* Task goal
Output exactly, in the material below, the lines from the one with "Bank CIMB Niaga" through the one with "WayAway Plus: Get". Omit all pictures.

* Recorded information
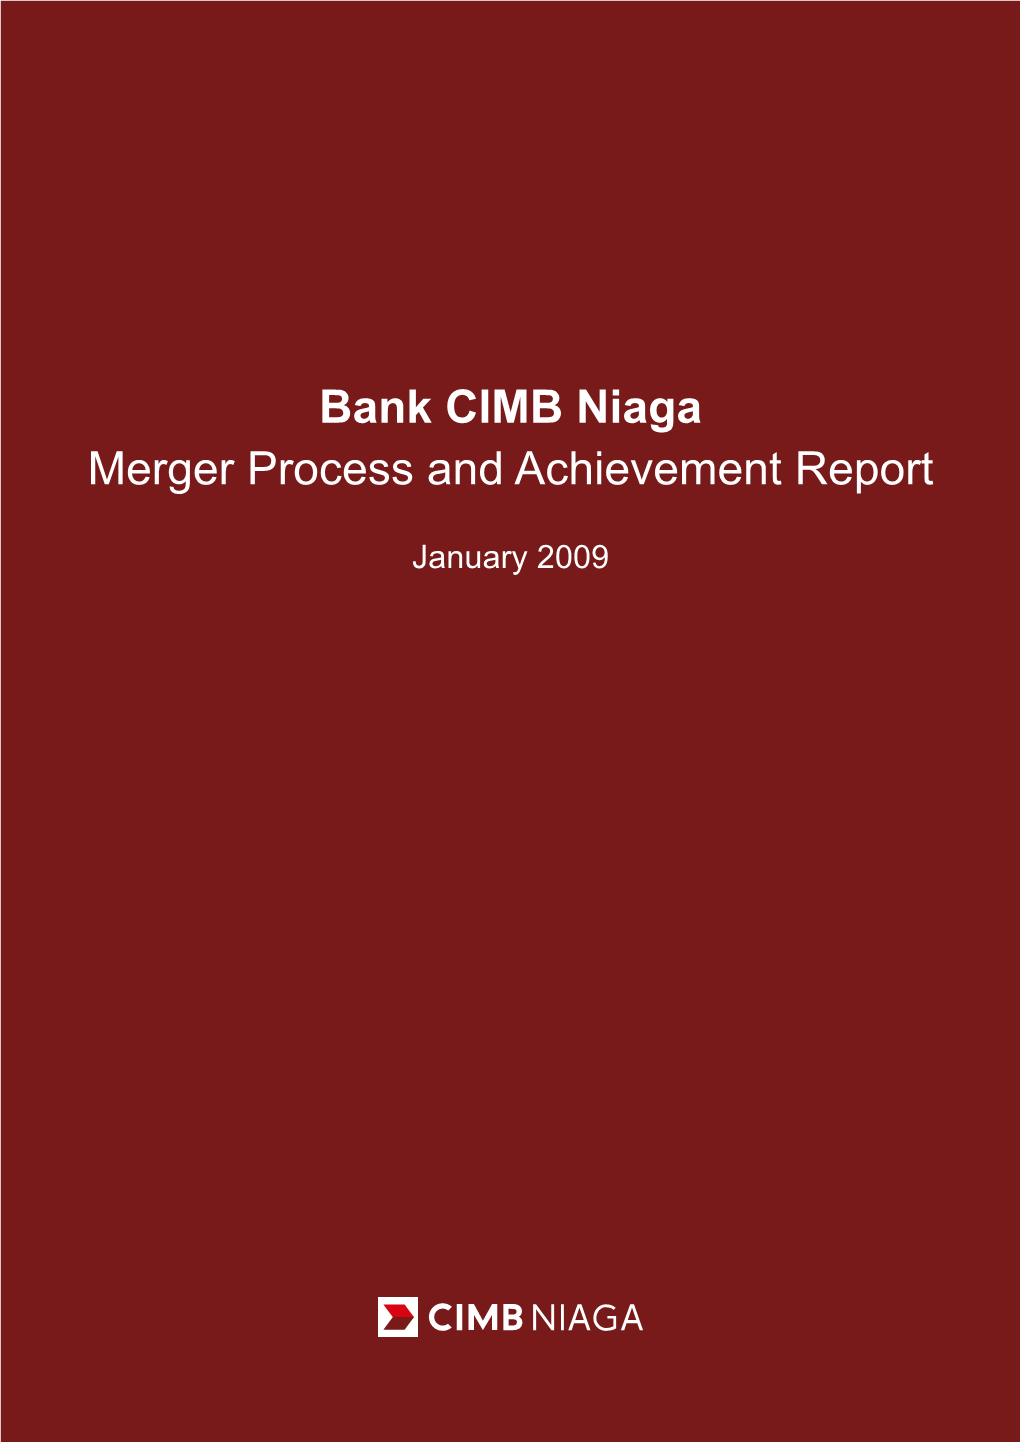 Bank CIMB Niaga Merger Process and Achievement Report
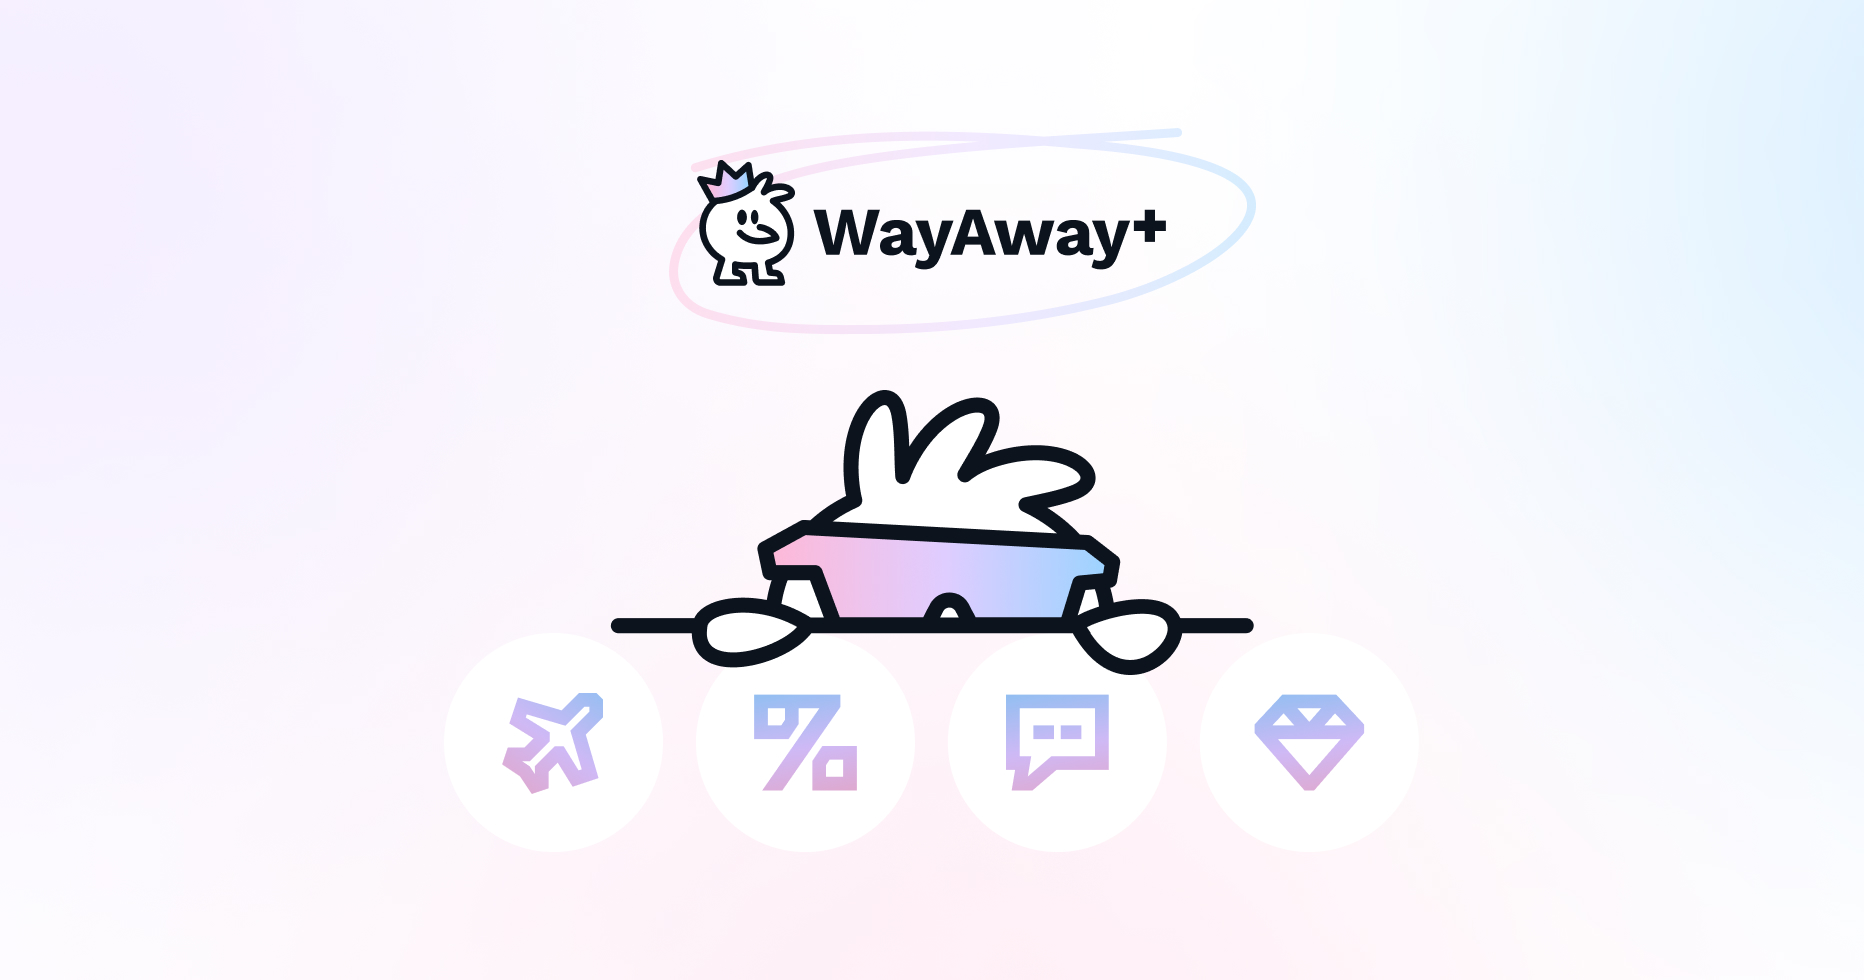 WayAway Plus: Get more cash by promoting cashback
==
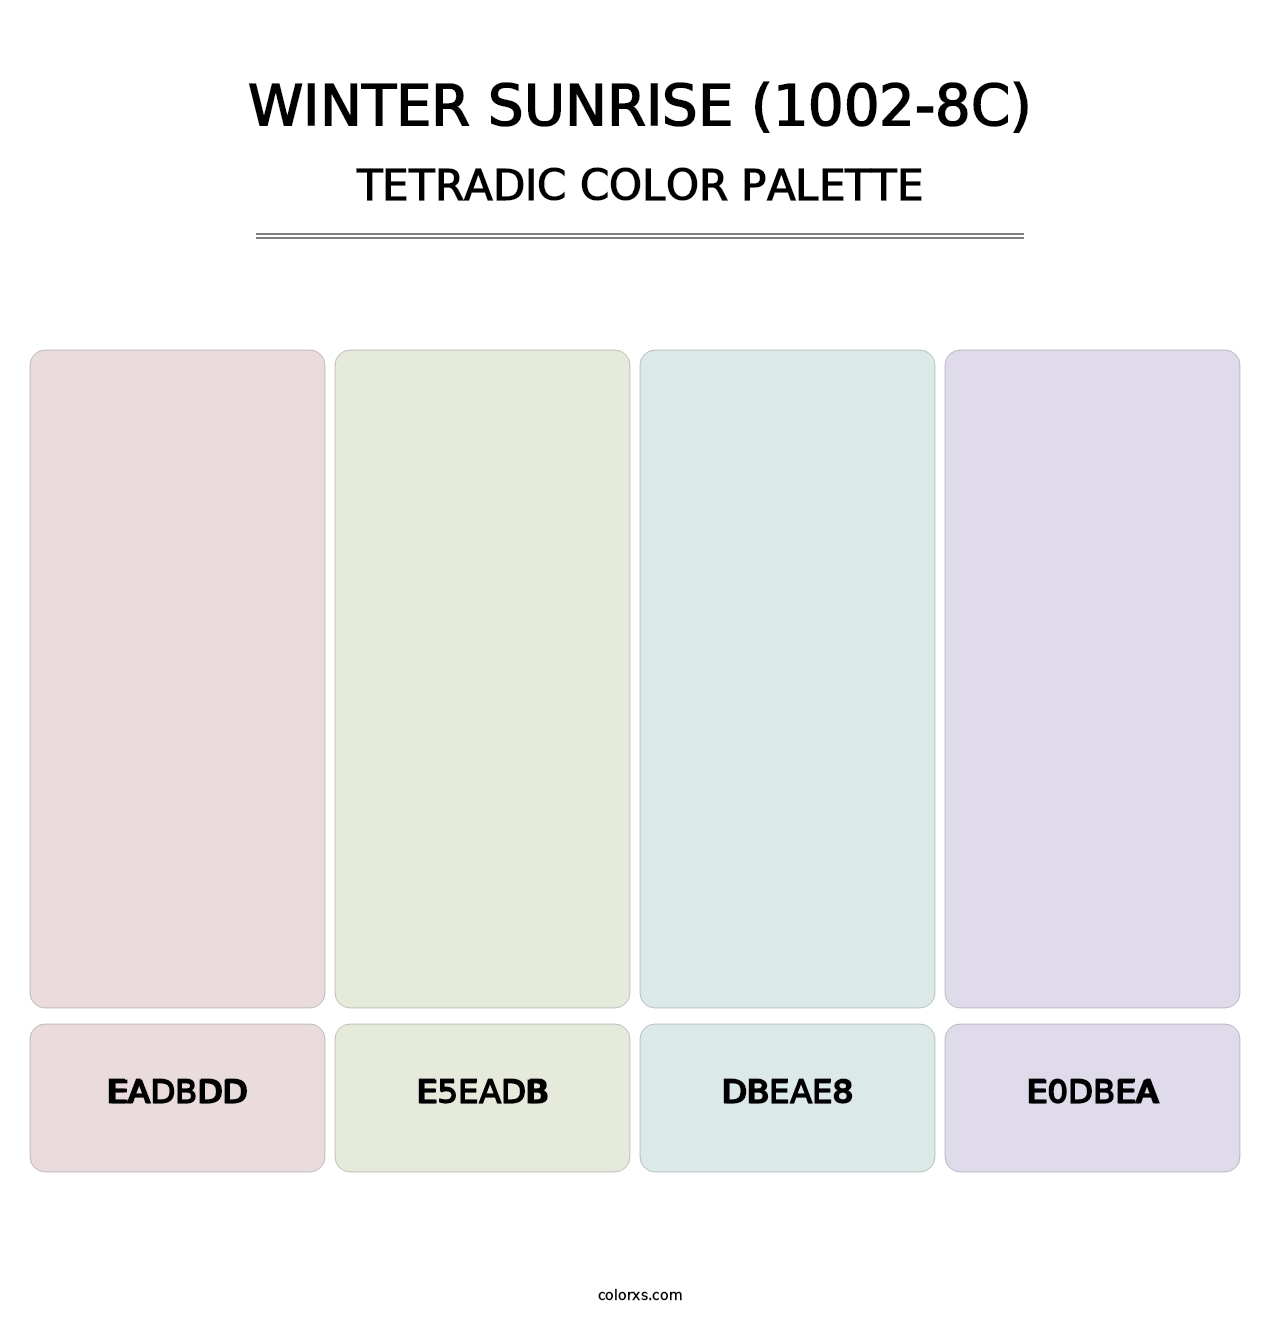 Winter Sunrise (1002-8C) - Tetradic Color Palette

* Answer area
 Bank CIMB Niaga Merger Process and Achievement Report
 WayAway Plus: Get more cash by promoting cashback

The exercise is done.